In reading section 2.2, page 14 of this book, I came across the term "singular distribution".

Apparently, a multivariate Gaussian distribution is singular if and only if its covariance matrix is singular. One way (the only way?) the covariance matrix can be singular is if one of the diagonal entries is zero. A Gaussian distribution approaches a Dirac delta as the variance goes to zero. Is the Dirac distribution an example of a singular distribution? I don't think so, since Wikipedia says the Lebesgue integral of the density function of a singular distribution is zero.


2 Answers 2


I find only the expression "this Gaussian is singular" on page 14 of your reference, but not the definition of "singular distribution".

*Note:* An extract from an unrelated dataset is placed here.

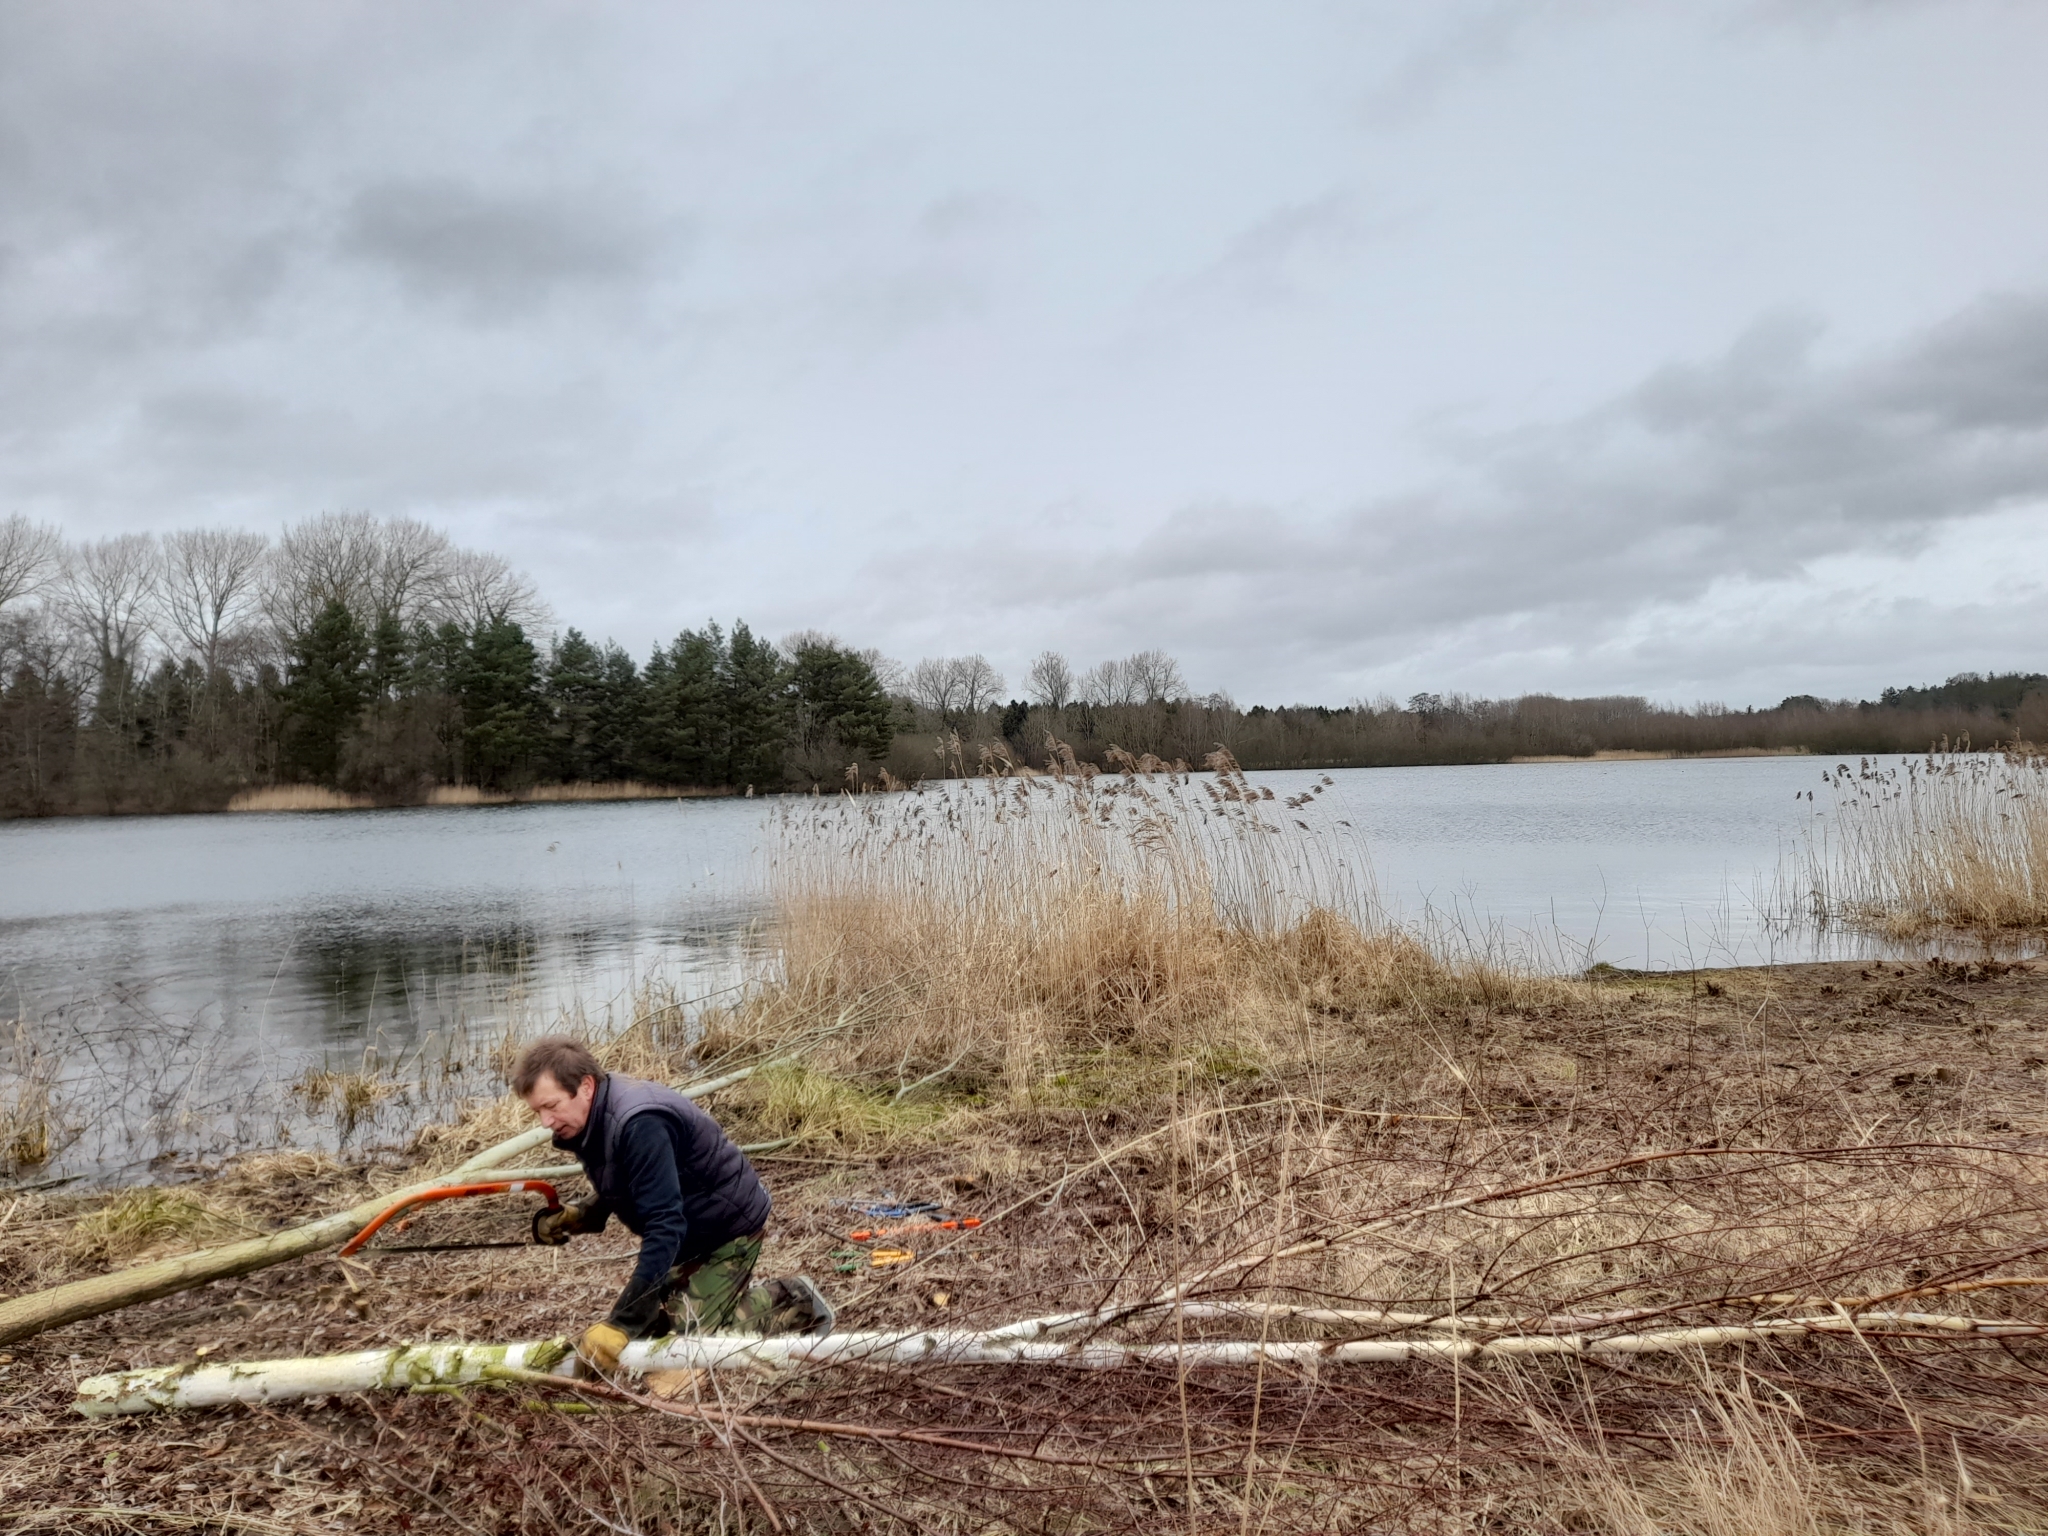 A photo from the FoTF Conservation Event - February 2022 - Clearing overgrowth at Lynford Water : A volunteer holds a saw and prepares to cut a willow trunk

But to answer your question:

The delta distribution is not a singular distribution, it is a discrete probability distribution. It does not have a Radon-Nikodym density with respect to the Lesbegue measure, because the Lesbegue measure of a single point is zero, and the delta distribution is concentrated on a single point.

Don't get confused if people write stuff like $$ \int_{\mathbb{R}} \delta_0(x) d x = 1 $$ This is not correct in the strict sense. Instead, the "density function" of the delta distribution concentrated on zero - which is not a density in the sense of Radon-Nikodym - would be $$ f(x) = 0 \; \text{for} \; x \neq 0 $$ and $$ f(0) = \infty $$ and therefore we would have $$ \int_{\mathbb{R}} f(x) d x = 0 $$

But: For a discrete probability distribution, it is possible to name an at most countable set of points such that each point can be assigned a finite probability, such that the probability of any set is equal to the sum of the probabilities of the points it does contain.

This is not possible for a singular probability distribution like the Cantor distribution. The Cantor distribution is not concentrated on a countable set of points. Therefore the terms "singular distribution" and "discrete probability distribution" are different, and the delta distribution is a discrete one, not a singular one.


It turns out that there are two common definitions for singular distribution; see this article (Singular distribution - Springer Online Reference Works).

According to one definition, it is a probability distribution on $\mathbb{R}^n$ concentrated on a set of Lebesgue measure zero and giving probability zero to every one-point set. This is the case in the Wikipedia article you linked. Sometimes, a singular distribution is defined without the latter requirement; under this definition every discrete distribution is singular (with respect to Lebesgue measure). In any case, a singular distribution does not have a probability density function. (Distributions with probability density functions are called absolutely continuous.) As for the case of a multivariate Gaussian distribution, if the covariance matrix is singular, then the distribution is continuous singular (hence has no density, and gives probability zero to every one-point set).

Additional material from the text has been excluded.